Abstracts

ICTAL SPECT-PET SUBTRACTION IN THE PRESURGICAL EPILEPSY EVALUATION

Abstract number : 1.121
Submission category :
Year : 2005
Submission ID : 5173
Source : www.aesnet.org
Presentation date : 12/3/2005 12:00:00 AM
Published date : Dec 2, 2005, 06:00 AM

Authors :
1Robert Knowlton, 1Jennifer Howell, 2Ojha Buddhiwardhan, 1Nita Limdi, 1R. Edward Faught, and 3Jorge Burneo

Subtraction techniques that use an interictal SPECT have improved sensitivity and specificity over ictal scans alone in localizing partial epilepsy for surgical treatment. In part this increase in sensitivity is related to increasing the magnitude of change due to epilepsy associated relative decreases in regional cerebral blood flow (rCBF) in the interictal state. Because metabolism is decreased more often and to a greater degree than rCBF, we investigated whether subtracting and interictal FDG-PET would increase the sensitivity for a localizing scan compared to ictal-interictal SPECT subtraction. Twenty-four patients who had ictal SPECT and FDG-PET scans as part of a larger prospective presurgical multimodality-imaging project were included in this preliminary observational study. Imaging techniques included:
1. High resolution MRI at either 1.5 or 3.0 T, using a standardized protocol optimized for extratemporal lobe epilepsy.
2. PET[ndash]5-10 mCi of FDG injected during the interictal state and scan performed on a high-resolution tomograph (FWHM=4-5 mm).
3. Ictal SPECT scans performed with HMPAO injections (within 30 s of seizure onset). Interictal injections were performed at least 24 hours before or after ictal injections.
4. Image registration, pixel intensity normalization, and image subtraction were performed in the Analyze[reg] Software environment on a Unix base workstation in identical fashion for both SPECT and PET subtraction.

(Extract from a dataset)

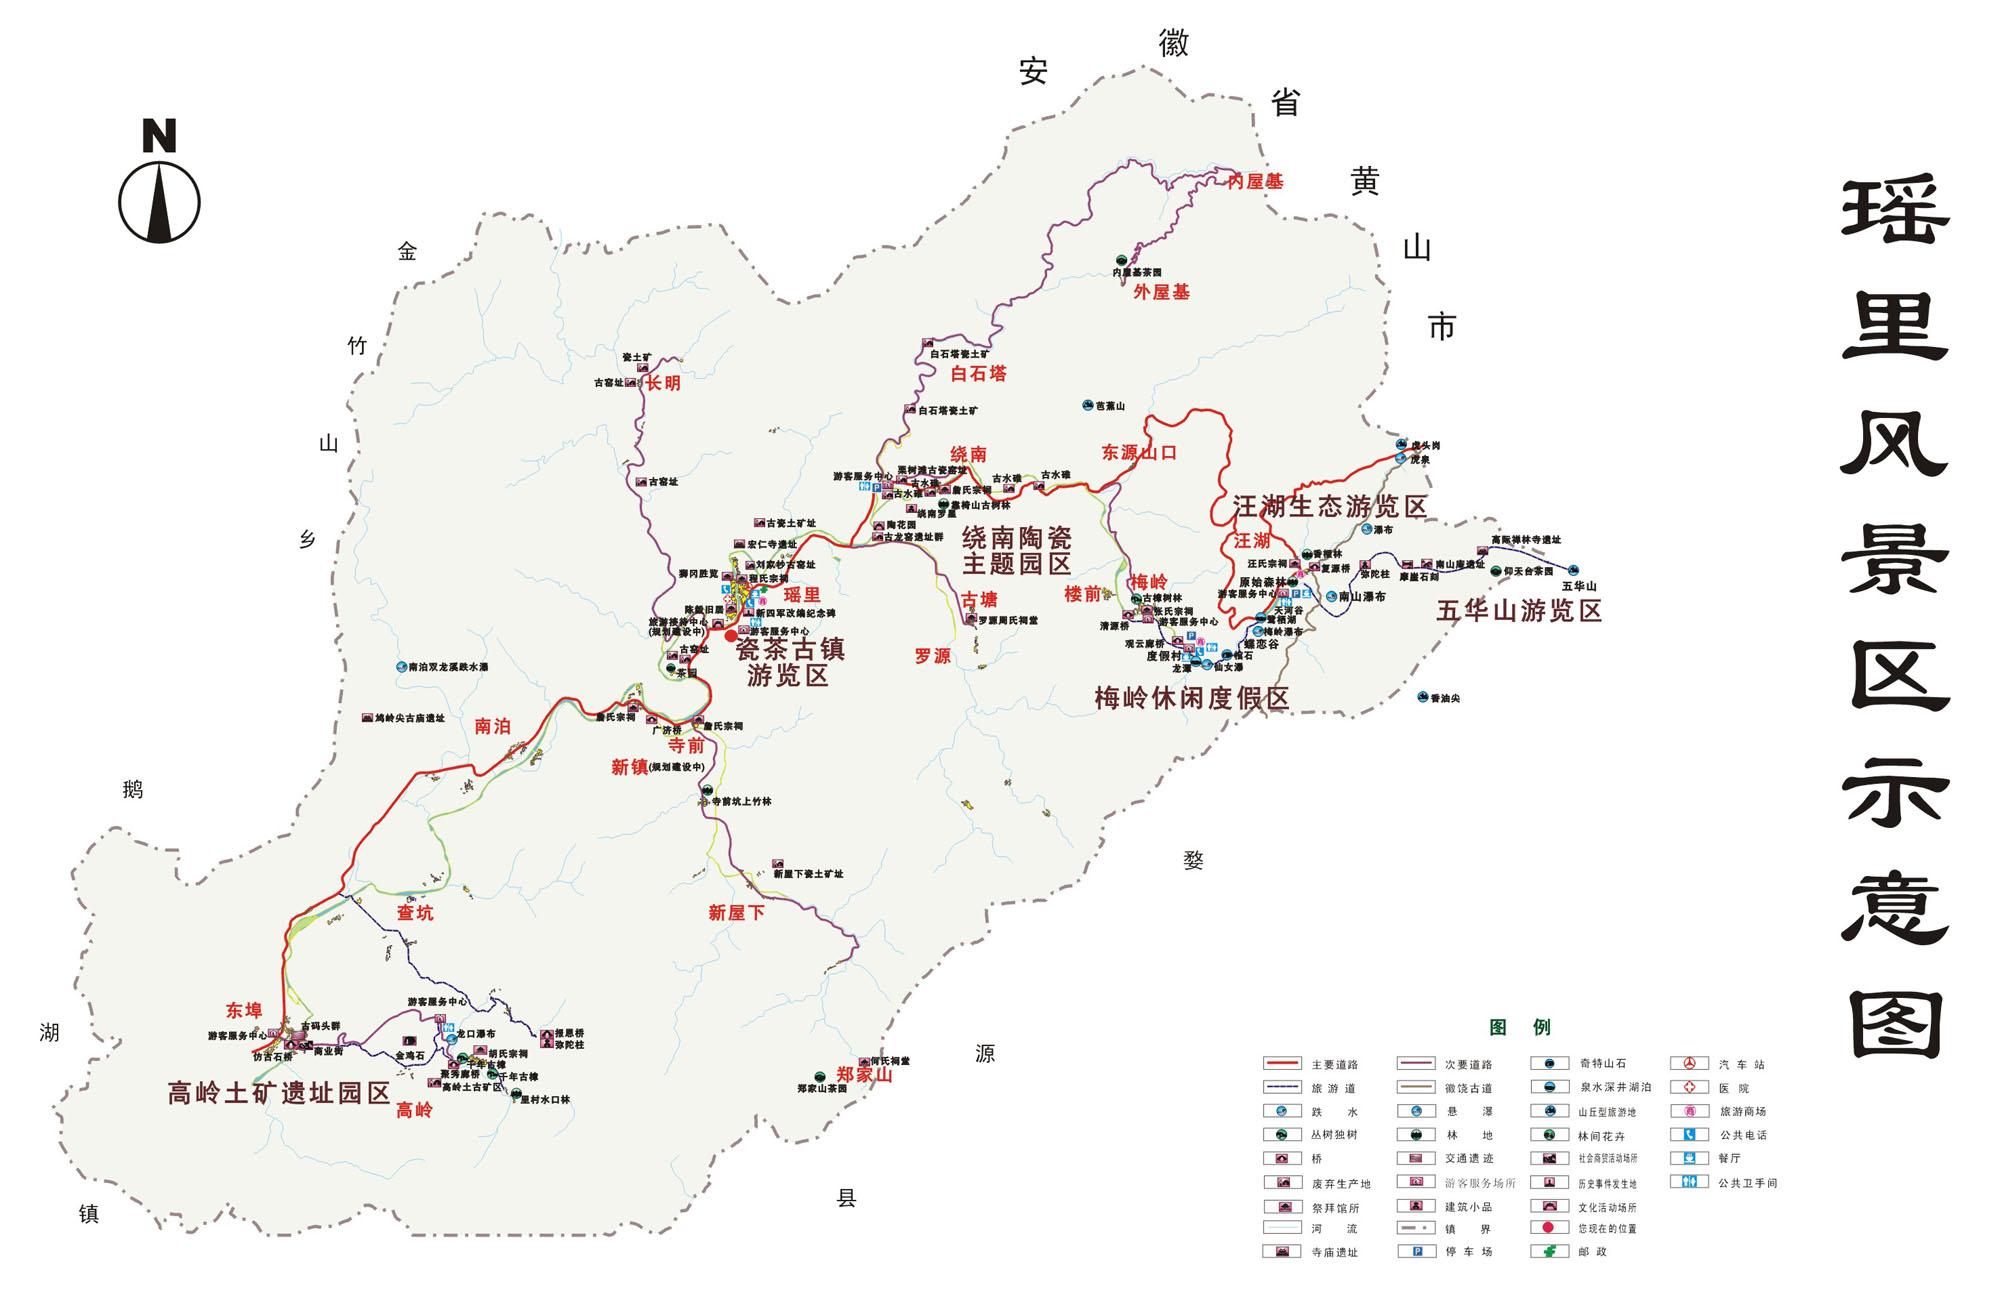 瑶里风景区旅游地图

The mean age of patients was 28 years (range, 1-61 years; 9 females). Eleven patients had normal MRI (remaining had ambiguous, questionable, or nonlocalizing abnormalities). Epilepsy classification was: 15=extratemporal, 7=mesial-basal , and 2=lateral temporal. The sensitivity of detecting seizure associated rCBF increases for ictal-interictal SPECT subtraction was 8/21 (38%): 3=unifocal, 4=multifocal, and 1=lateralized. The sensitivity for ictal SPECT-PET subtraction was 20/24 (83%): 13=unifocal, 4=multifocal, 3=lateralized. Subtracting an interictal PET from an ictal SPECT scan may have a higher sensitivity for detecting a localizing rCBF than subtracting an interictal SPECT. Methodologically the technique novel and appealing, but further validation is warranted before consideration of clinical application.[figure1] (Supported by K23 NS02218, Robert Knowlton.)